All molecular modeling steps utilized the Maestro Suite version 9.0 from Schrodinger Inc. The compounds 12 and 13 were protonated at the central linker nitrogen at pH 7, and a chiral centre exists at C6. Consequently, all possible stereoisomers were modeled and docked into the structure of BaDHPS obtained from the work of Kirk et al.⁵ The GlideXP module of Maestro was utilized for docking with only the highest scored pose retained for each molecule. The BaDHPS receptor structure for docking contained a conserved water molecule as shown in Figure 2c.

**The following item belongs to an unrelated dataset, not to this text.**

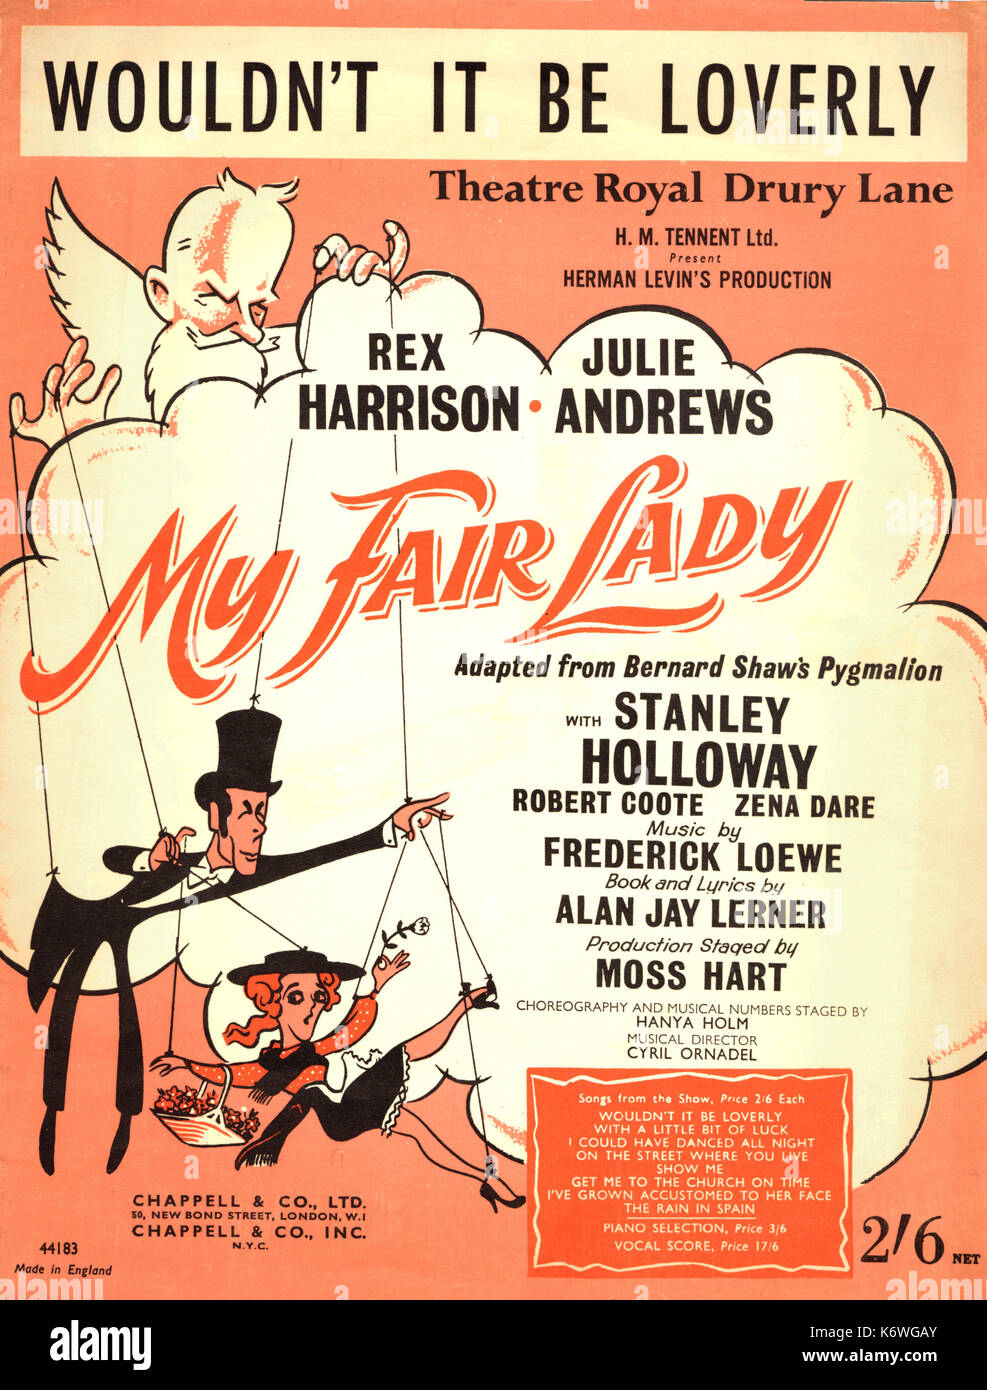 LOEWE, Frederick - MY FAIR LADY llustrated score cover of 'Wouldn't it be Loverly' from the musical, 'My Fair Lady'.  Published by Chappell.  Music by Loewe; Lyrics by Alan J Lerner. GB Shaw (author) as God playing with man and woman as puppets on a string. Based on GB Shaw 's Pygmalion - upper class person transforms working class girl into society lady. Stock Photo

The docking grid was generated with the centre of the box set to the centroid of the bound inhibitor in the BaDHPS structure in Kirk et al.⁵ and the box size was fixed by “dock with ligand length” option in Glide set to 15Å. Compound 11 was then redocked with the option to retain top 10 poses. The poses generated were visually inspected and best ranked pose was found to have a plausible binding mode. This was then subjected to 20 cycles of minimization using the Impact module with OPLS_2005 force field and all parameters set to default, followed by a 1 ns molecular dynamics simulation in vacuo using Impact with a time step of 1 fs, default OPLS_2005 force field and NVT constant temperature ensemble set to 298.15 K. Snapshots every 0.5 ps were recorded. All other parameters were left at their default values. For Figures 2a and 2b, crystal structures 1tww and 1tx0 respectively were used to reproduce figures 5 and 6 from Babaoglu et al..³

Scheme 2.

Reagents and conditions: (a) DMAP, pivaloyl anhydride, refluxing 6 h; (b) H₂ 50 Psi/5%Pd-C, 2-methoxy-ethanol, RT, 3 h or Fe-AcOH, EtOH refluxing 2 h; (c) 1) AcOH, 4-formyl-benzoic acid methyl ester, RT, overnight; 2) borane-tert-butylamine complex.